▶ Problem to work on
Report, from the records below, every line where the word "free" appears.
──────── Source data ────────
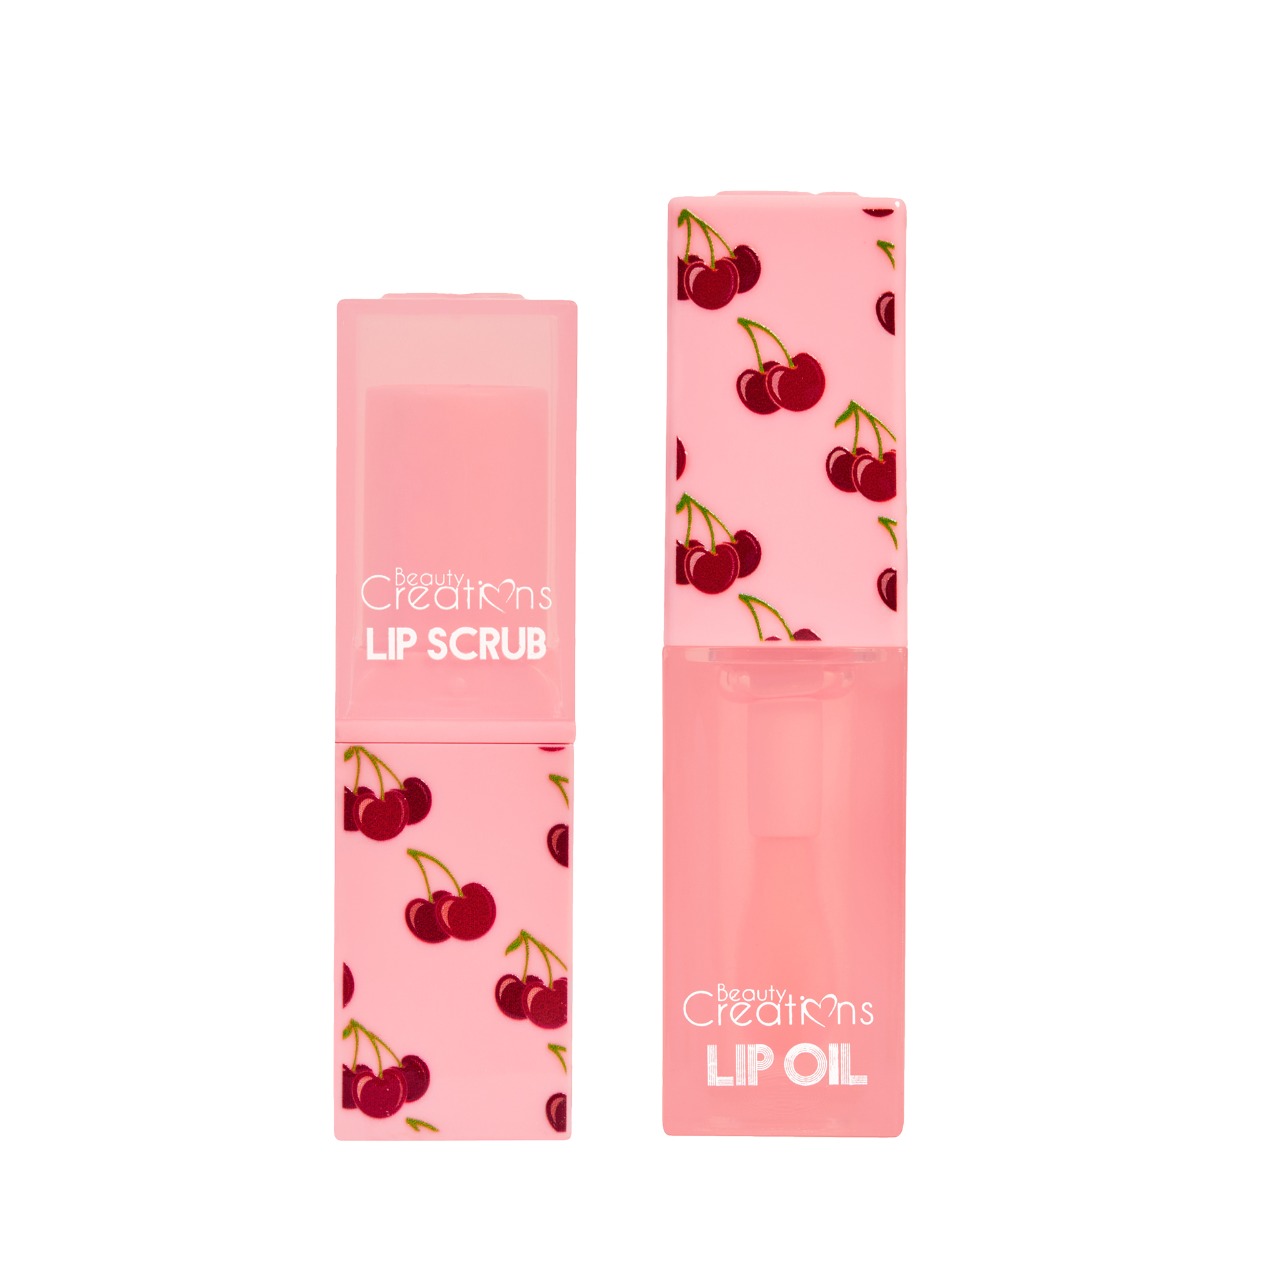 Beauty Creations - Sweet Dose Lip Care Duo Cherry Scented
────────
──────── Source data ────────
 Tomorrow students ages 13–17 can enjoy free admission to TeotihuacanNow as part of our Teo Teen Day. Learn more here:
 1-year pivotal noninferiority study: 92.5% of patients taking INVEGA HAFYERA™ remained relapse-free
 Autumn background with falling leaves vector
────────
──────── Source data ────────
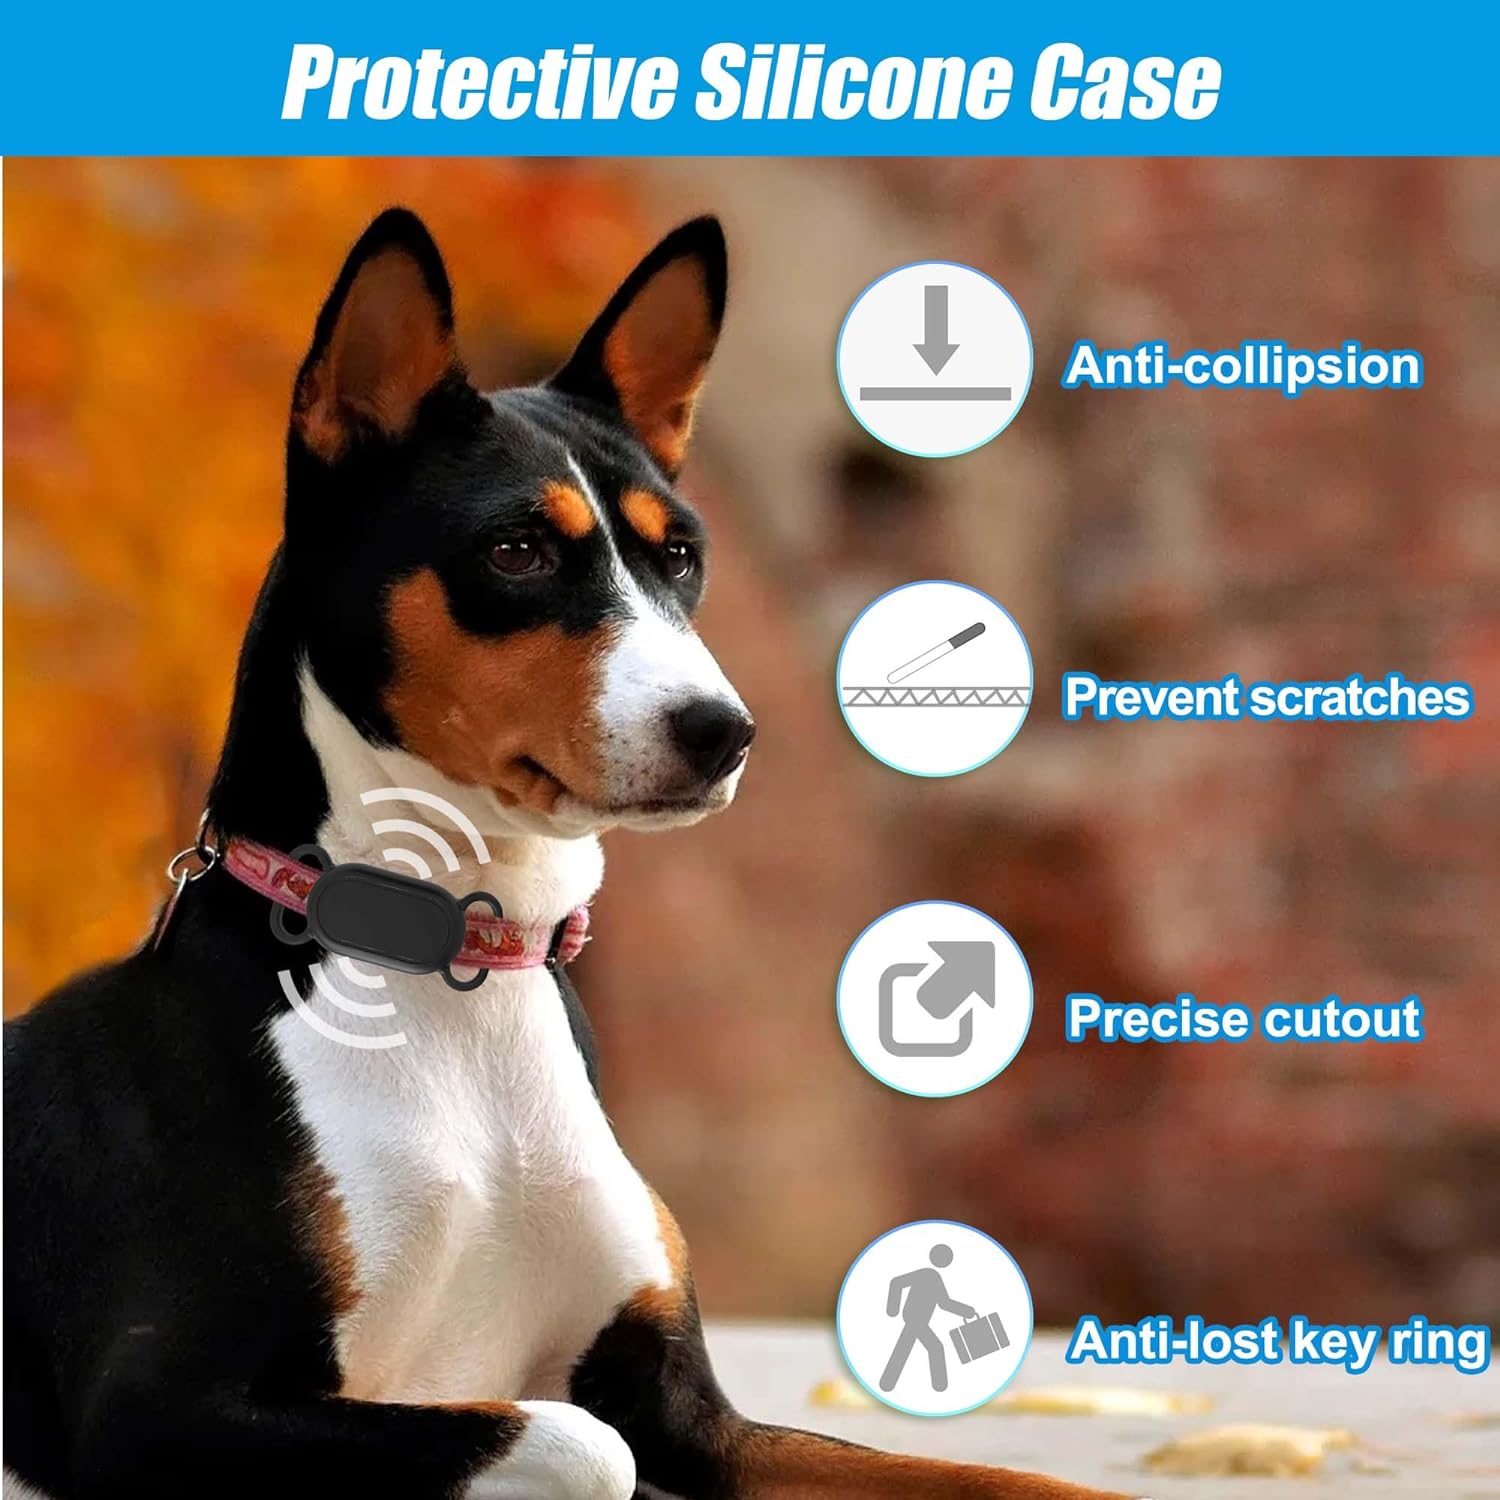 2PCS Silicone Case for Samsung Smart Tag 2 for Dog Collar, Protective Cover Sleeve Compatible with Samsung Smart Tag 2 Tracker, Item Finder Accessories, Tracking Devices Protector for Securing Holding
────────
▶ Answer box
 Tomorrow students ages 13–17 can enjoy free admission to TeotihuacanNow as part of our Teo Teen Day. Learn more here:
 1-year pivotal noninferiority study: 92.5% of patients taking INVEGA HAFYERA™ remained relapse-free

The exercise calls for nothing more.